Al fin, entre jardines, entre pequeños salones, entre gente que iba vestida para una fiesta magnífica, y a quienes no conozco ni deseaba conocer, me encontraba a su hermano. Sólo que su hermano parecía español, como siempre me imaginé a aquel a quien adorabas hace tiempo, a quien me dijiste que rompió to corazón luego de acostarse contigo innumerables veces. Me veía, sorprendido, reconociéndome, sin conocerme: aquel otro que te adora, aquel que no debería estar aquí, en este día de tu boda, para detenerla, para evitar que te cases con su hermano.

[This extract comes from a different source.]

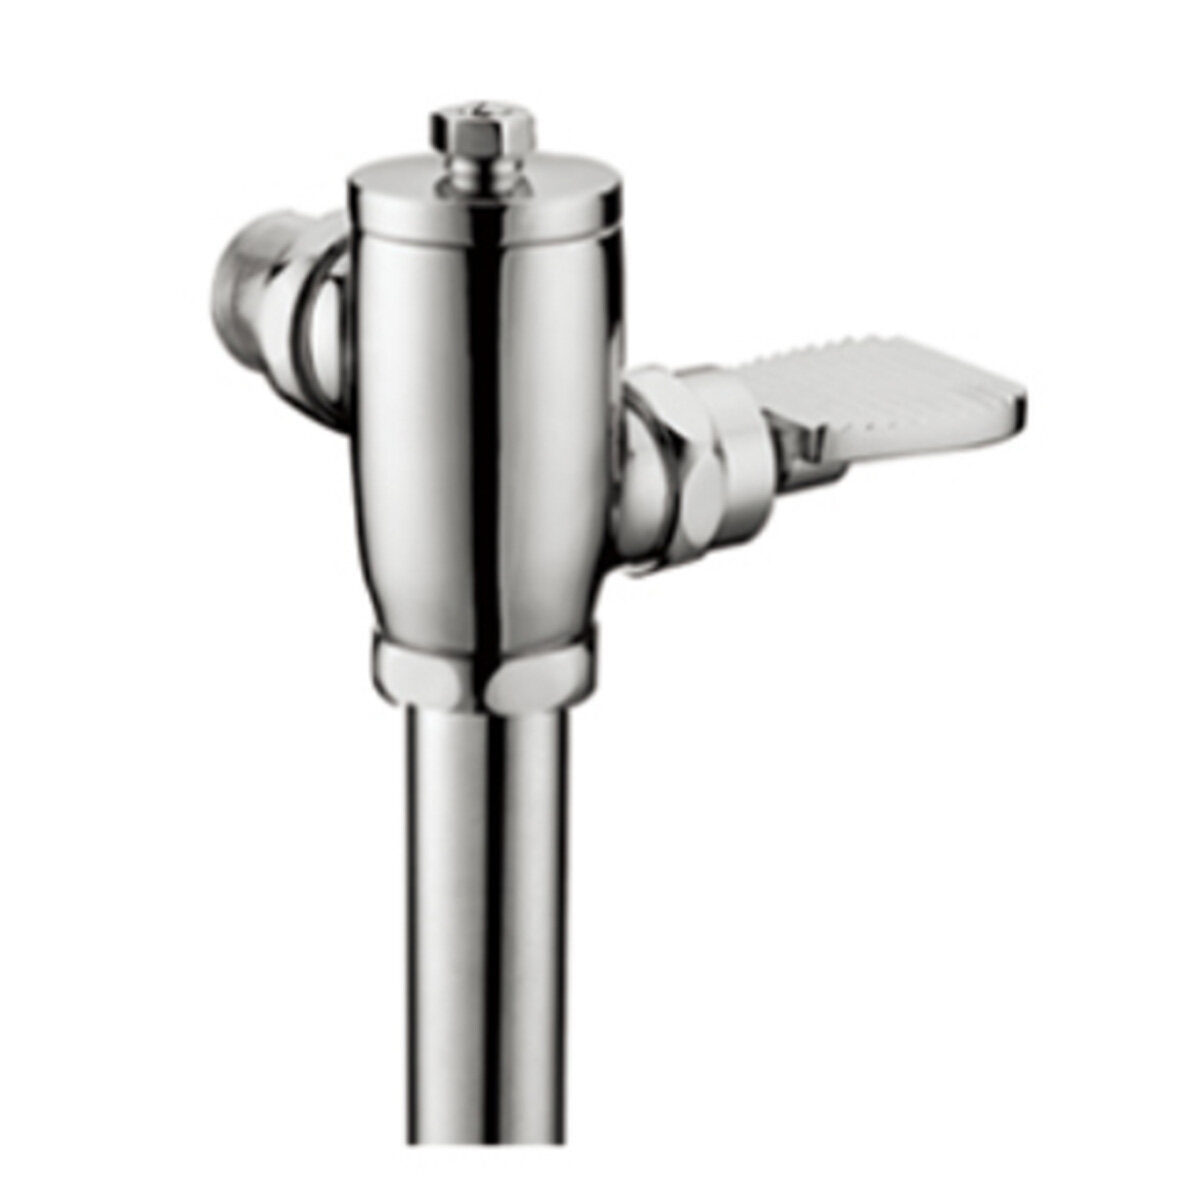 faucet with mixing valve, faucet mixer tap, faucet mixer, water mixer faucet, mixer tap faucet
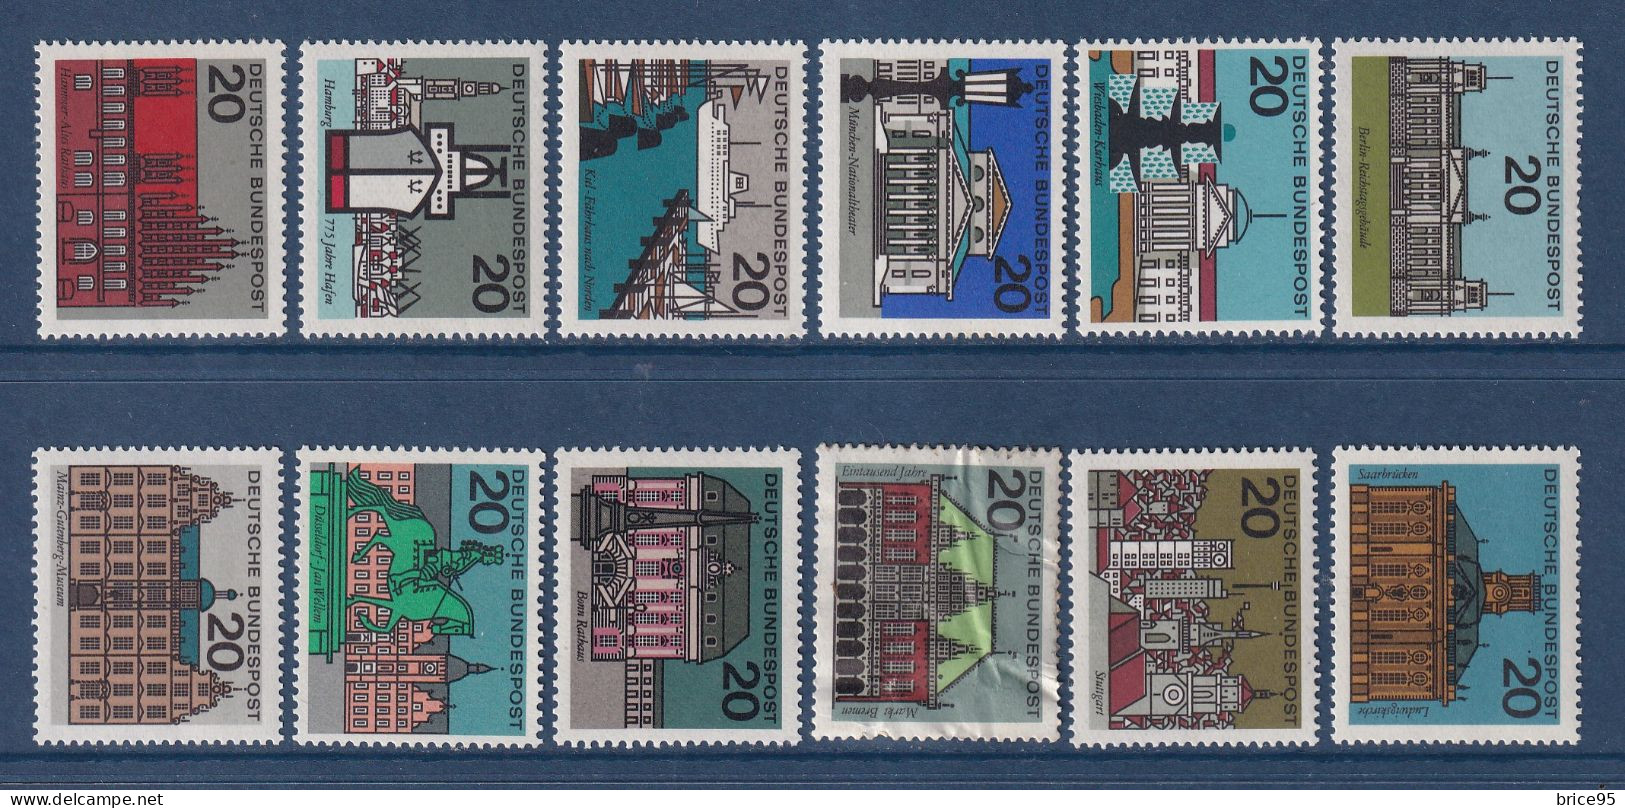 Allemagne Fédérale - YT N° 288 à 295D ** - Neuf Sans Charnière - N° 295B Défectueux - 1964 à 1965 - Unused Stamps

Él me veía entonces, es silencio, y con gran asombro, y también con algo de confusión, sin saber a ciencia cierta qué hacer, cómo proceder frente a mi. Yo me perdía también en ese silencio, y el que yo no pudiera moverme, debido a estar frente a él, rodeado de su silencio, frente a su traje negro, perfectamente planchado, y me quedaba atado a su lado, a su autoridad.
De pronto, aparecías, con prisa, atrás de él, con tu vestido blanco. Cosa curiosa: no me causaba dolor verte vestida de blanco toda. Venías sonriendo, como si le hubieras dicho algo a alguien, a tu espalda, y ahora, al volver la cabeza, al verme, te quedabas pálida, sin saber que decir, incluso sin cerrar la boca. Al vernos, sabíamos que lo nuestro seguía existiendo, y sabías que yo había venido explícitamente a robarte de su lado, de su mundo, para estar conmigo.
Y desperté entonces, a las diez de la mañana, en Poznan, solo, cuatro días después, un simple Lunes, y no pude evitar sentir el estómago ardiendo al recordar que, querida mía, te has casado ya.